仕様は初期化のエラーを3種(バージョン不一致、capability折衝の失敗、タイムアウト)と明記しており、これらで往復が中断されるとstartup incompleteが表示されます。
Codex・Claude Code・Cursor・VS Code・Claude Desktopで見え方が違う理由
handshaking with MCP server failed: connection closed: initialize response — Codex Issues #6020(参考)
ツールごとの見え方の違いを把握しておくと、切り分けがしやすくなります。
Codex・Claude Code・Cursor・VS Code・Claude Desktopでの見え方
同じ障害でも、ツールによって画面上の言葉はまったく違います。
- Codexは「startup incomplete」や「failed to start」
- Claude Codeは接続パネルで「failed」
- CursorはツールバーやMCP欄が「Loading tools」のまま進まない
- VS CodeはChatビューにエラーが出る
- Claude Desktopではコネクタのアイコンそのものが表示されない
文言は別物ですが、起きていることは一つで、すべてinitializeの往復が完了していない同じ状態を指しています。
表示が違っても確認すべき場所は共通
ここで注意したいのは、表示文言の違いに引きずられて「これは自分の使っているツール固有の不具合だ」と決めつけてしまうことです。実際にはinitializeが完了していないという原因が共通しているため、調べる場所と直し方も共通します。
表示の言葉から原因を推測する前に、次章で説明する「設定のコマンドを手元でそのまま実行する」切り分けを行ってください。どのツールを使っていても、これが最初の一歩になります。
原因を切り分ける(initializeのどこで打ち切られたかを特定する)

原因を当てずっぽうで設定変更する前に、まず障害がサーバー側にあるのかクライアント側にあるのかを切り分けます。

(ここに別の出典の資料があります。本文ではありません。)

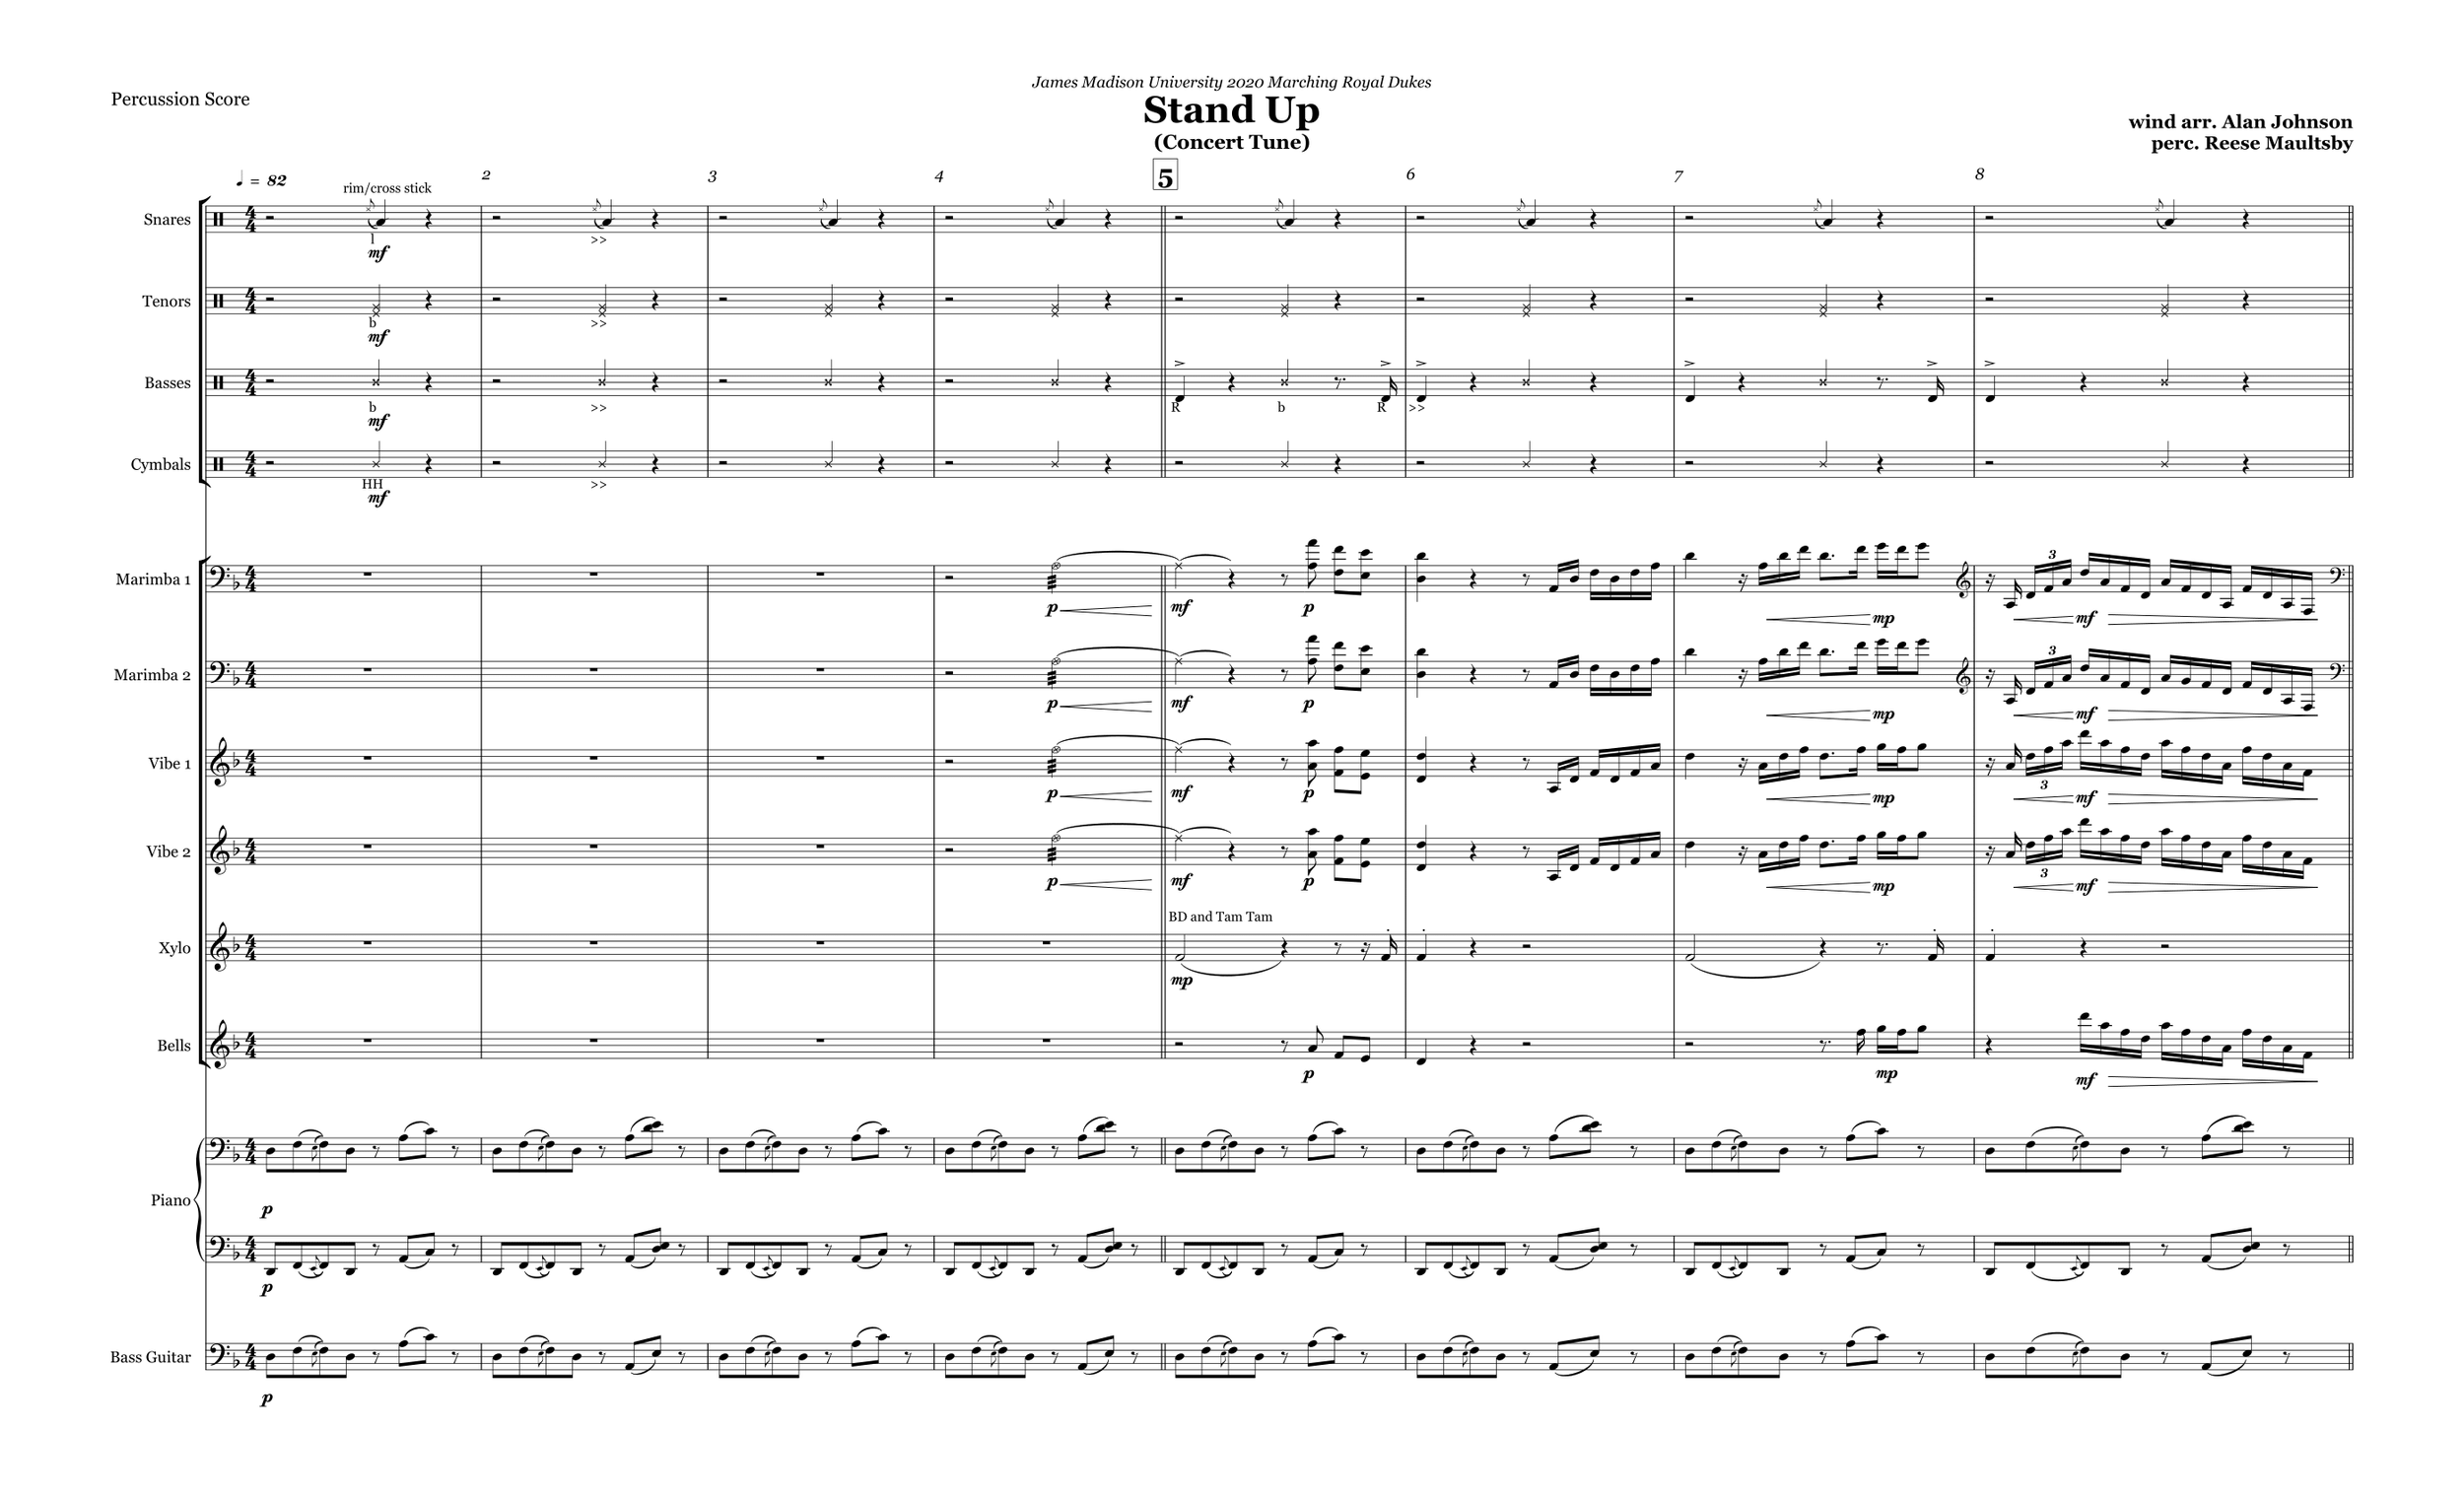 Stand Up Percussion Score Final - Full Score (legal for YT)-01.png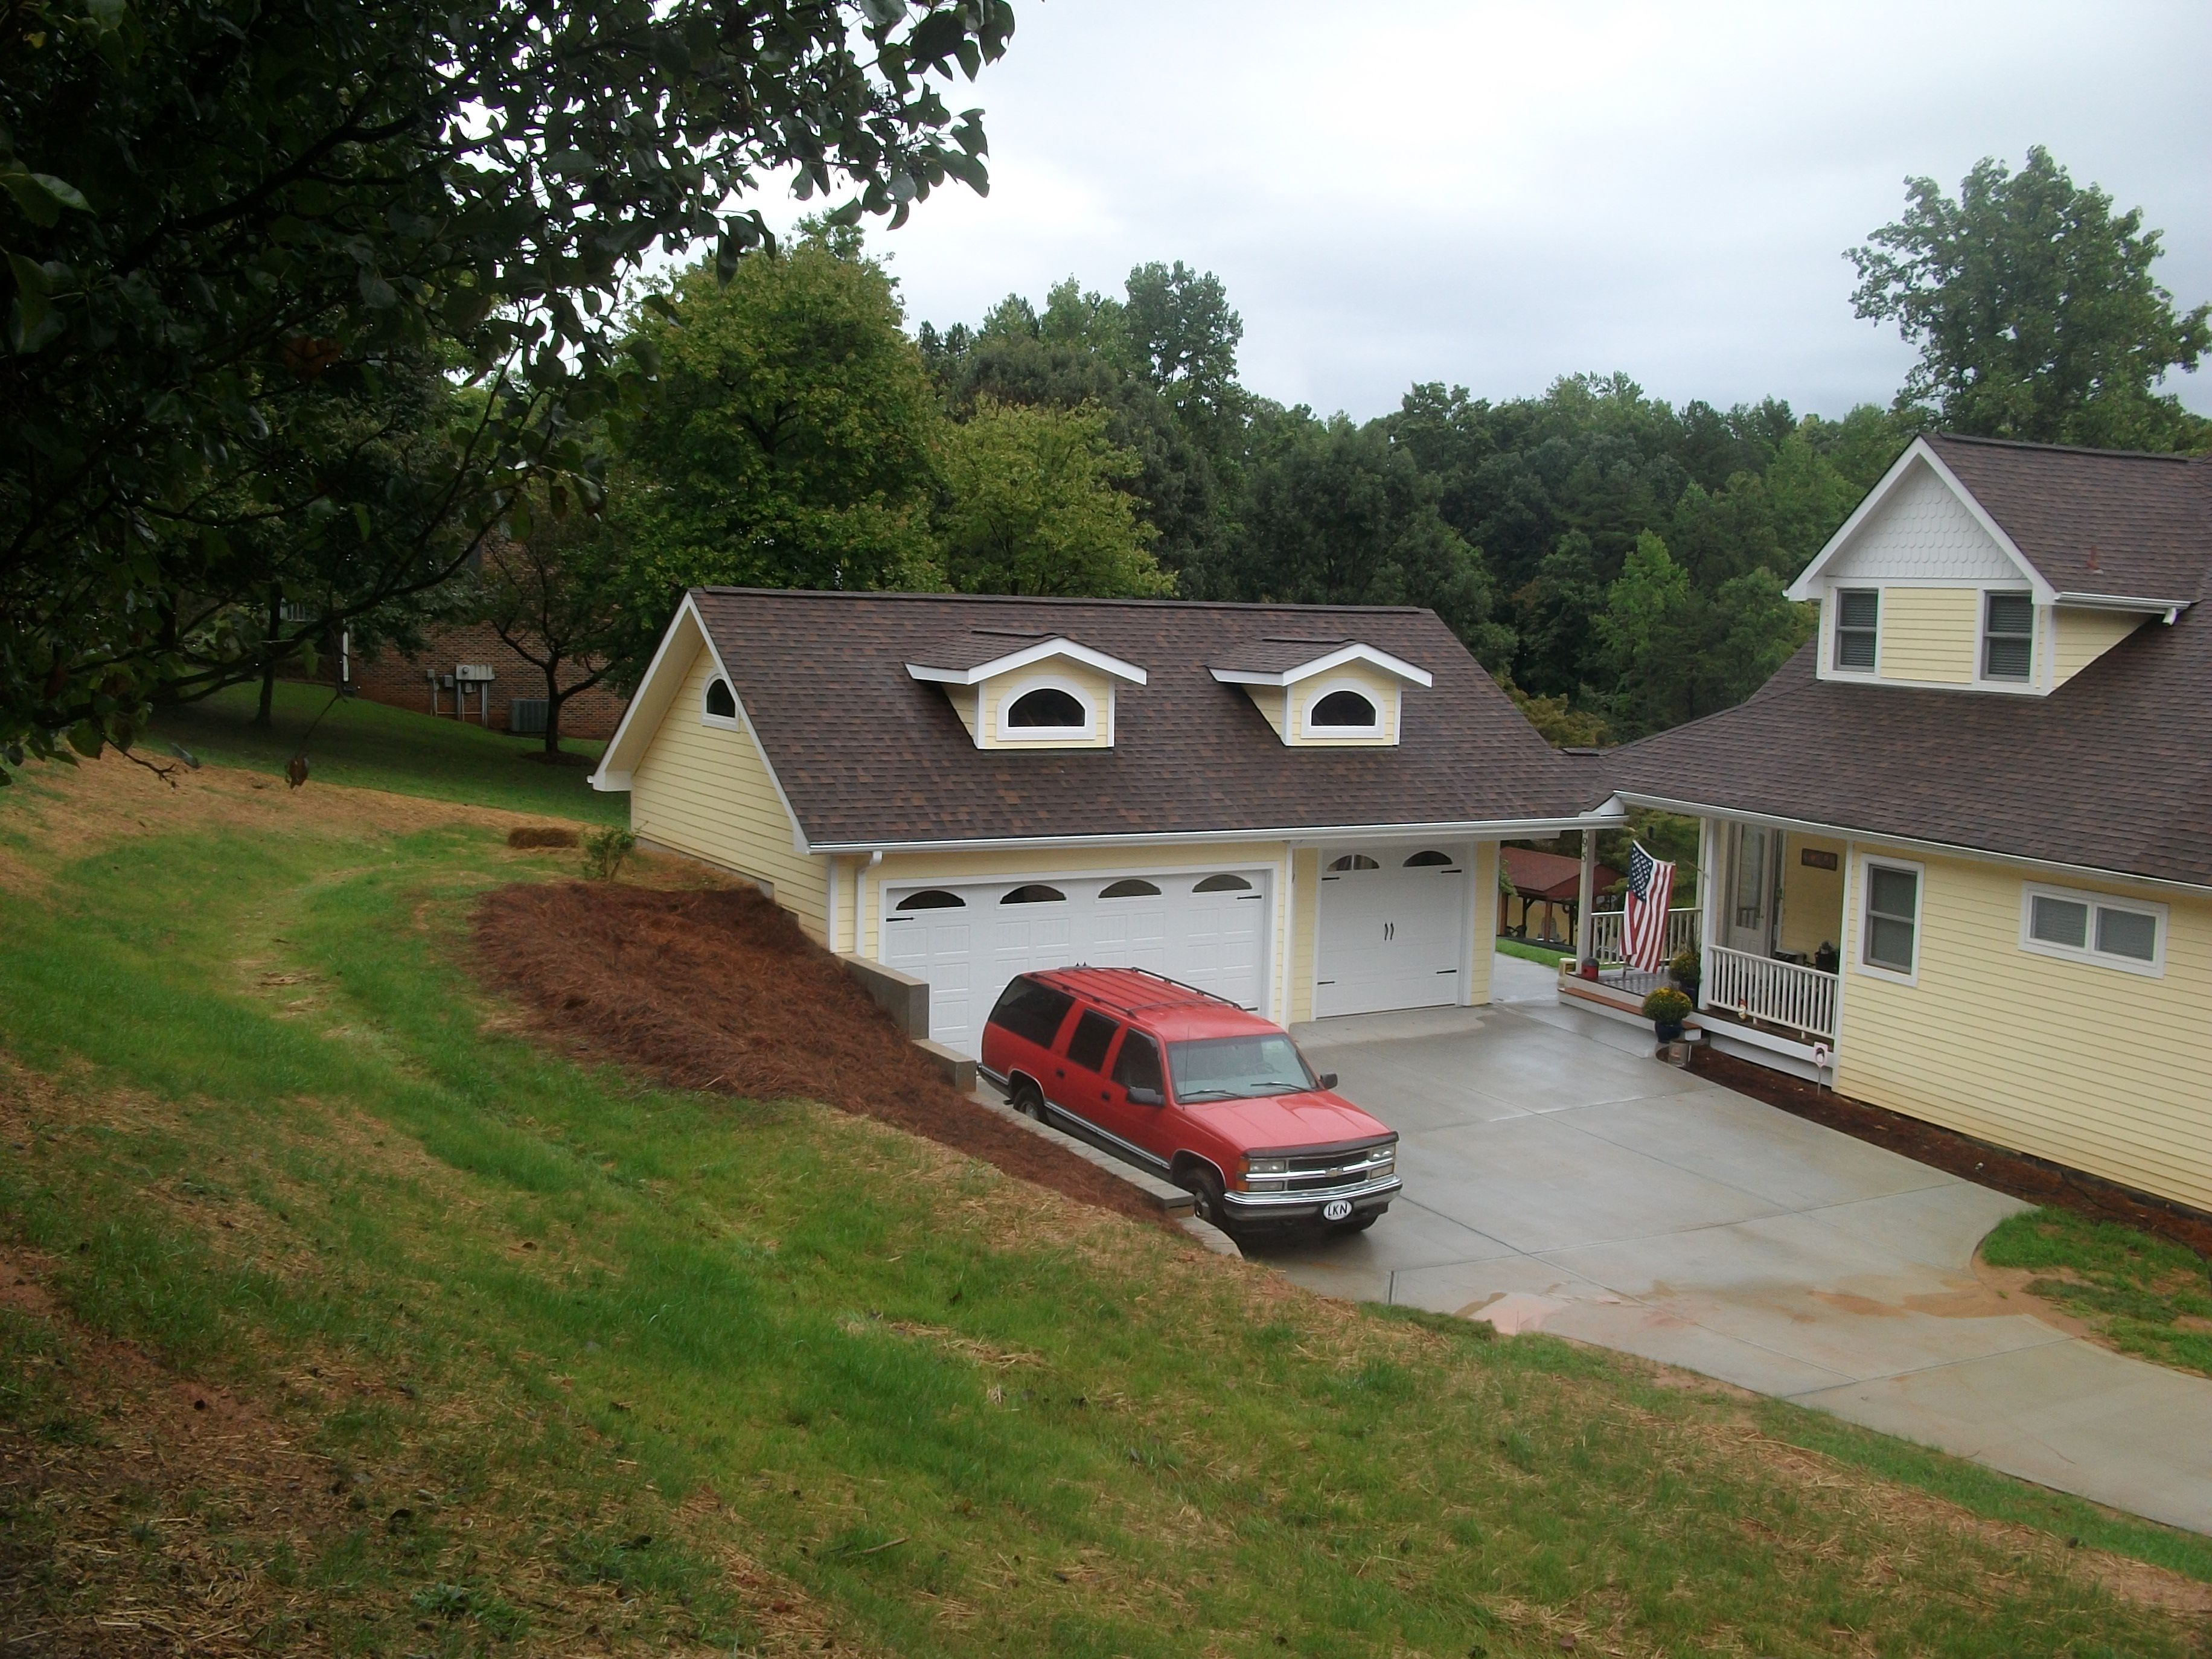 Projects Built As Superintendent Over The Years for Merl's Construction LLC in Statesville, NC

公式が推奨する最短の手順は「設定のコマンドを手元でそのまま実行する」ことです。
まず手元でコマンドを直接実行し、MCP Inspectorで単体テストする
切り分けの第一歩は、設定ファイルをいじることではありません。
設定のコマンドをそのままターミナルで打つ
最初にやるべきことは、設定ファイルに書いたcommandとargsをそのままコピーして、ターミナルで手元で起動してみることです。ここで落ちるなら、原因はクライアントではなくサーバー側にあります。
公式のデバッグガイド(参考)は、実行ファイルのパス誤り・必要ファイルの欠落・権限の問題を起動失敗の主な原因に挙げ、commandは絶対パスで指定するよう助言しています。逆に手元では問題なく起動するのにツール経由で繋がらないなら、疑うべきはクライアント側の設定の書き方や、実行する環境の差です。当てずっぽうで設定を変える前に、この一手で原因がどちら側にあるかを先に確定させてください。
MCP Inspectorで単体テストする
手元のターミナルでは起動するのに、クライアント経由だと繋がらない。そんなときの次の一手がMCP Inspectorです。Inspectorはトランスポートの種類に依存せず、stdioでもHTTPでもサーバーを直接叩いてテストできる公式のツールです。
これを使うと、特定のクライアント(CodexやCursorなど)を介さずにサーバー単体の応答を確認できるため、問題がサーバーの実装そのものにあるのか、それとも特定クライアントの設定や扱い方にあるのかを切り分けられます。クライアントごとに表示が違って判断に迷うときほど、まず素のサーバーがどう応答するかを見るのが近道です。
やりがちな遠回り:先に設定を書き換えてしまう
やりがちな遠回りが、原因を特定しないまま設定ファイルを書き換え始めてしまうことです。サーバー側の依存パッケージが足りない、といった根本の問題が残っているのに、commandやenvをあれこれ変えると、解決しないまま設定だけが複雑になり、後から見て何が効いているのか分からなくなります。
遠回りを避けるには、「手元でコマンドを実行する → ログを確認する → プロセスが動いているか確認する → MCP Inspector で単体テストする → プロトコルやcapabilityの互換を確認する」という順序を守り、原因を一カ所に局在させてから対処に入るのが確実です。
クライアント別にログをどこで見るか(横断一覧)
手元で起動するのにツール上で失敗する場合は、各クライアントのログを読みます。
Claude Code(CLI)とClaude Desktopのログ
Claude Codeでは、claude mcp listでサーバーの状態を確認します。⏸ Pending approvalや✗ Rejectedで接続が確立できていません。対話中は/mcpで現在の状態を確認できます。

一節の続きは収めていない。